Herzog also cherry-picks evidence on the continent of Africa to attempt to add an air of credibility in his claim that "in many parts of the world most people do not form close bonds with animals," (Herzog 90).  The singular example he provides to back up this claim reads:

This is particulately true in Africa.  My anthropologist friend Nyaga Mwaniki is from rural Kenya.  In the village…people never become attached to individual animals.  Indeed, there is no word for pet in Kiambu, his native language.  The villagers to keep dogs to guard against intruders and to chase elephants from their gardens. But they never allow dogs in the house, they do not think of them as companions, and they would be horrified at the idea of letting one sleep in their bed. (Herzog 90)

Herzog claims himself to be a scientist and a professor, yet he cites one example, in rural Kenya, to formulate the judgement that it is "particularly true in Africa" that "most people do not form close bonds with animals."  One cannot really back up such a bold claim with a single personal anecdote.  He ignores, for one, other parts of Kenya, which are highly developed and/or such attitudes about animals do not persist.  He ignores nations like Mozambique, in which many people in suburban areas keep and love their dogs, birds, rabbits, and other animals.  He ignores nations like South Africa, with booming economies that are the cultural polar opposite of the "rural" areas, where primitive attitudes towards animals simply do not survive; especially granted that much of the South African economy benefits from highly trafficked non-hunting animal safaris in national parks like Krueger National Park and Balule Nature Reserve in Hoedspruit.  He also later contradicts himself in talking of the movement in South Korea, China, and other Asian nations toward domestication of dogs and animals previously consumed as commonly as beef or chicken (Herzog 186-187).  In conclusion, a respectable professional cannot cherry-pick anecdotal information, especially when attempting to summarize a continent as large and diverse as Africa!

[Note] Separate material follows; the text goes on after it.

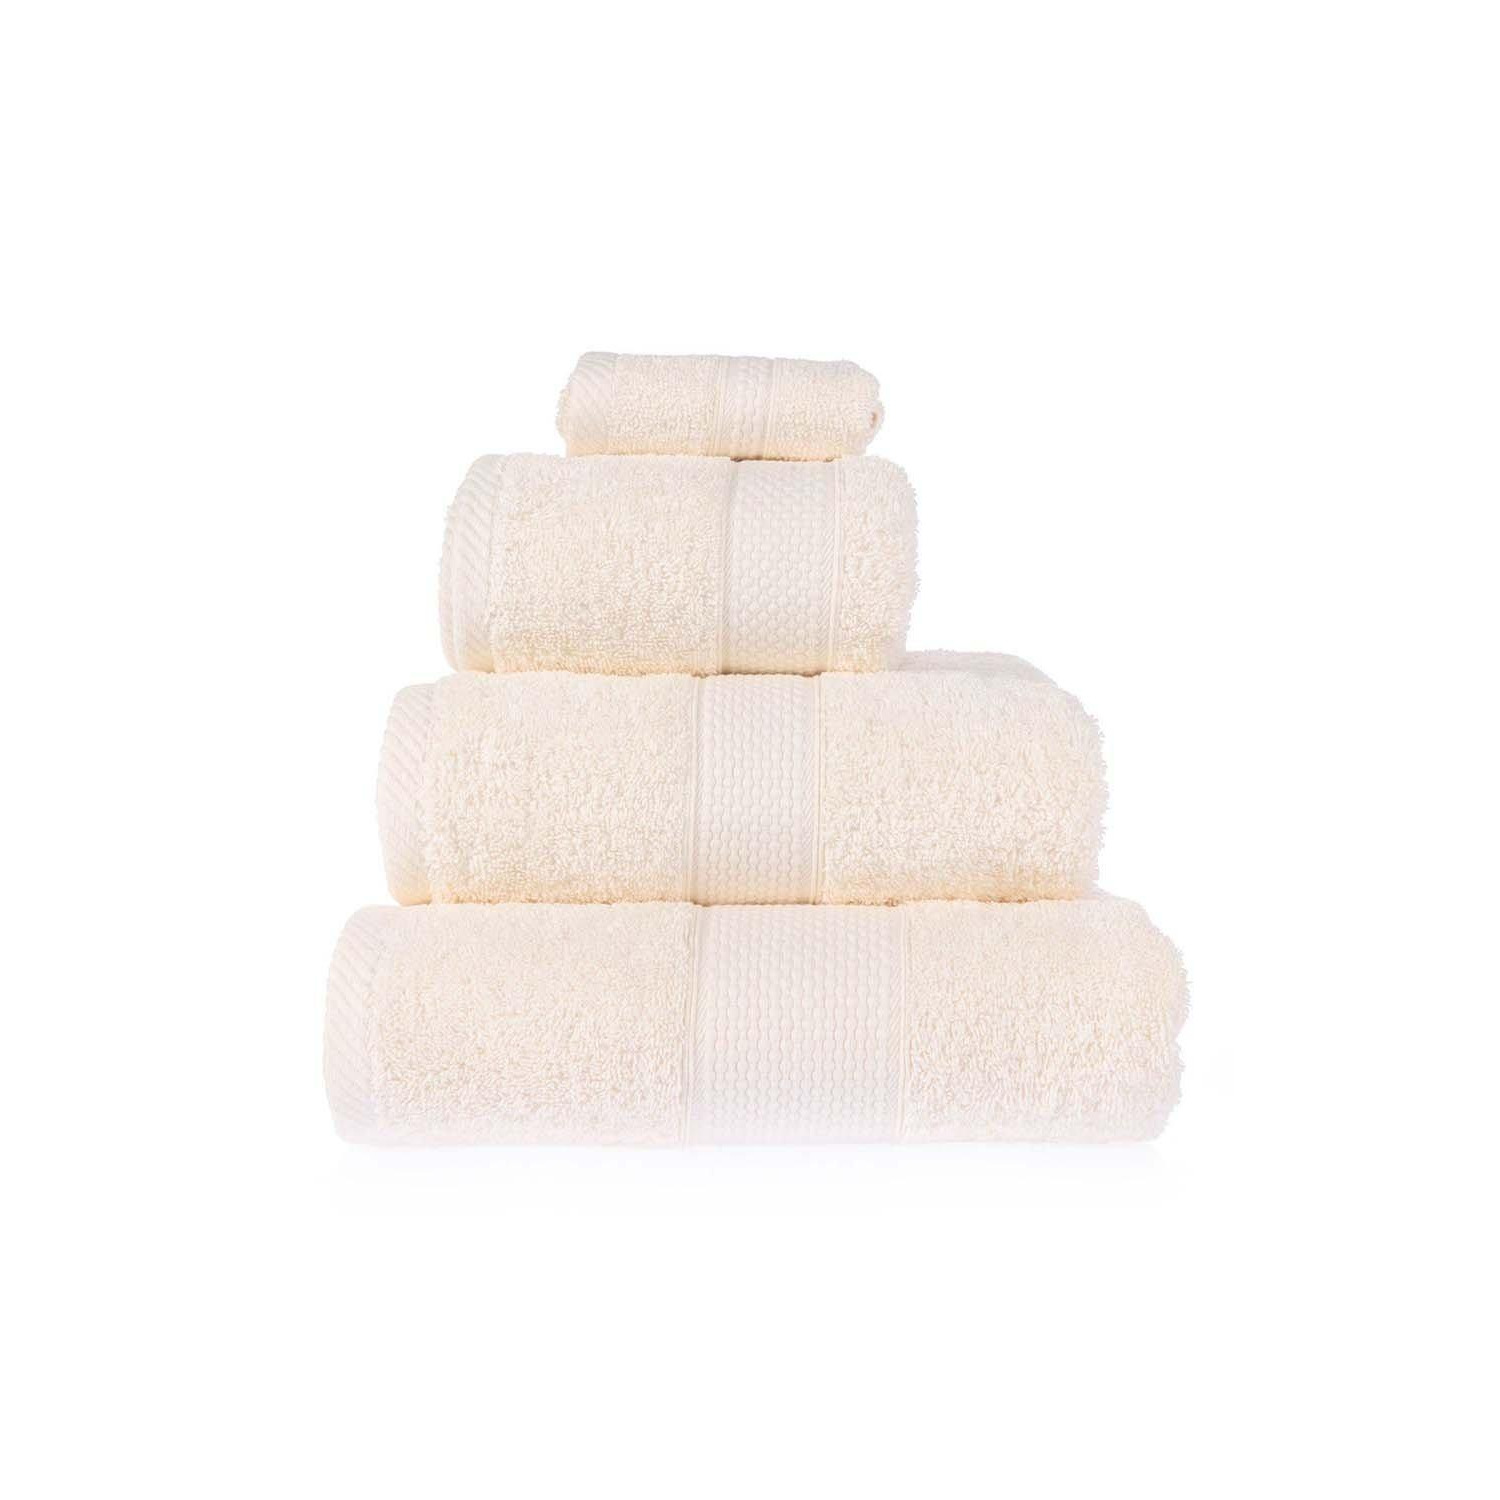 Turkish Cotton Towel - image 1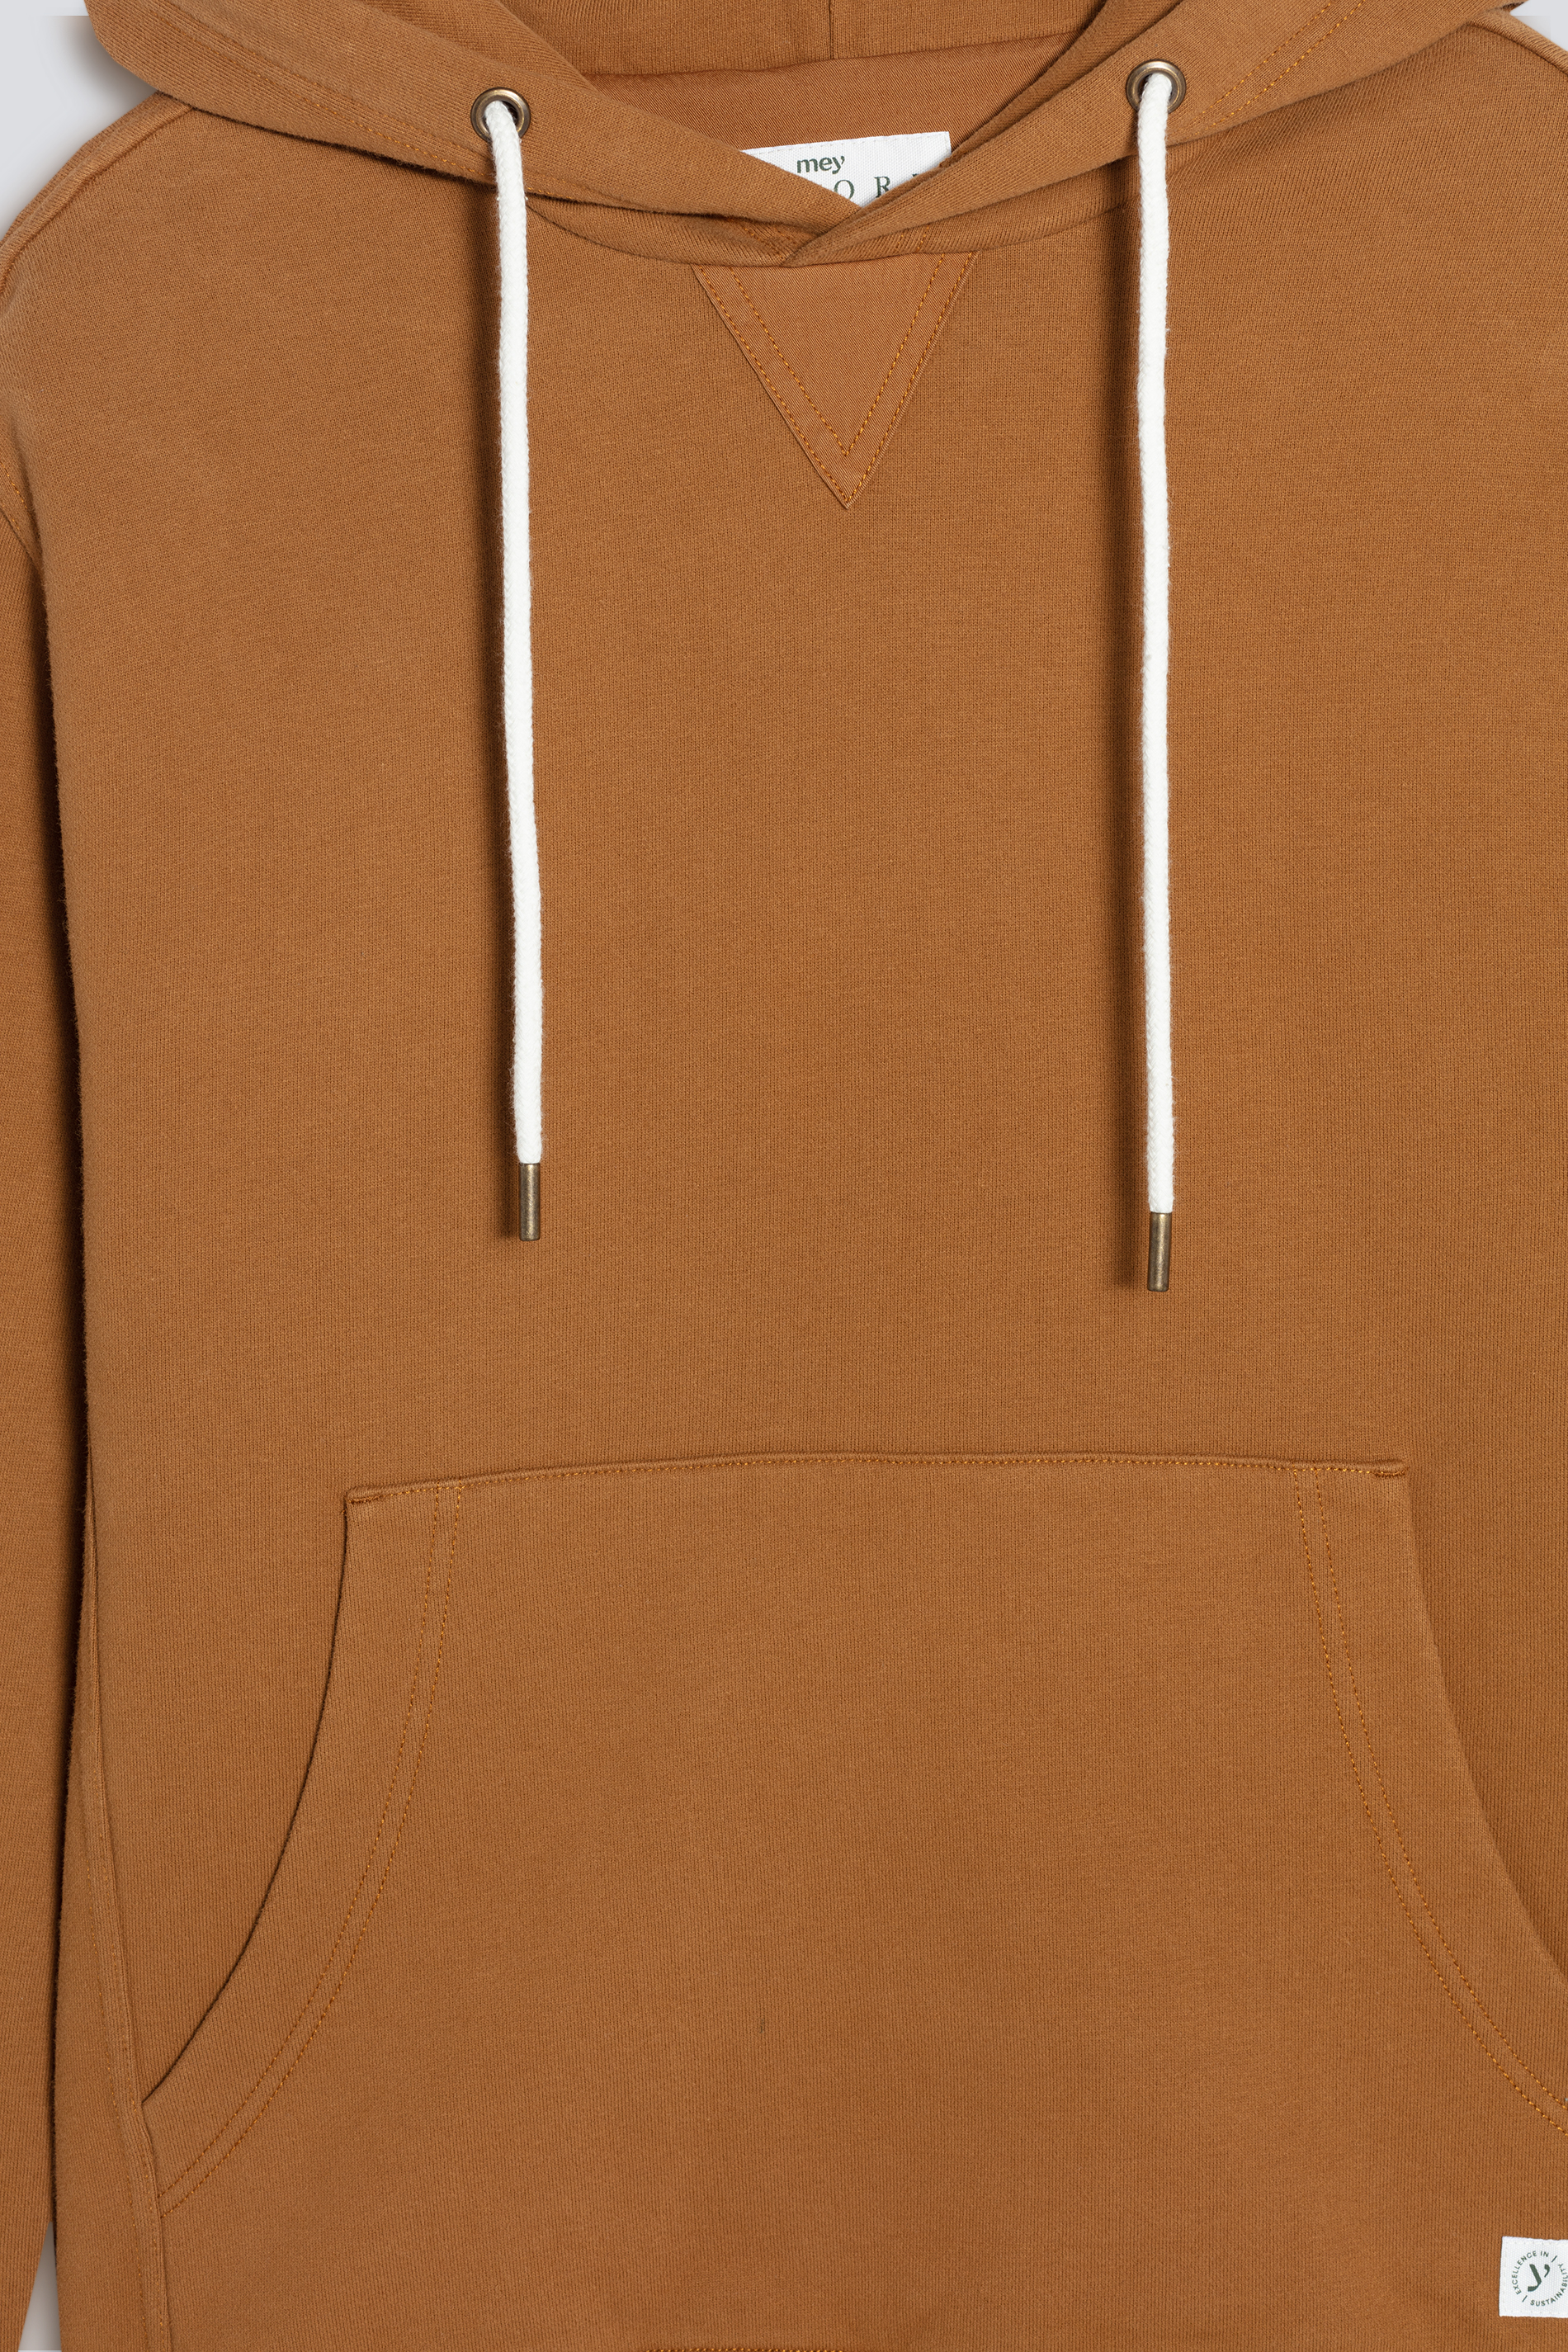 Hoodie sweatshirt Rubber Serie Soft Felpa Detail View 02 | mey®

The book also frequently dips in and out of the cause for animal rights.  A perfect example occurs when Herzog cites the UPenn C-BARQ research study, which aims to compare and contrast behavioral differences between different breeds of dogs (if interested, you can contribute cruelty-free to the ongoing research on your dog's breed at w3.vet.upenn.edu/cbarq).  It is particularly his terminology that bothers me most of all:  "The [C-BARQ] researchers…found that some types of dogs are easy to train while others are not politically smart," (emphasis mine) (Herzog 113).  Are we to believe that the man writing this book thinks that just because a dog does not respond to certain training commands, the dog is necessarily dumb?  Many breeds, such as dachshunds, for example, are known to be incredibly intelligent but also incredibly stubborn, strong-willed and thus, difficult to teach.  This fact does not imply their "political stupidity" by any means.  Ask an owner of dachshunds, and they will tell you so.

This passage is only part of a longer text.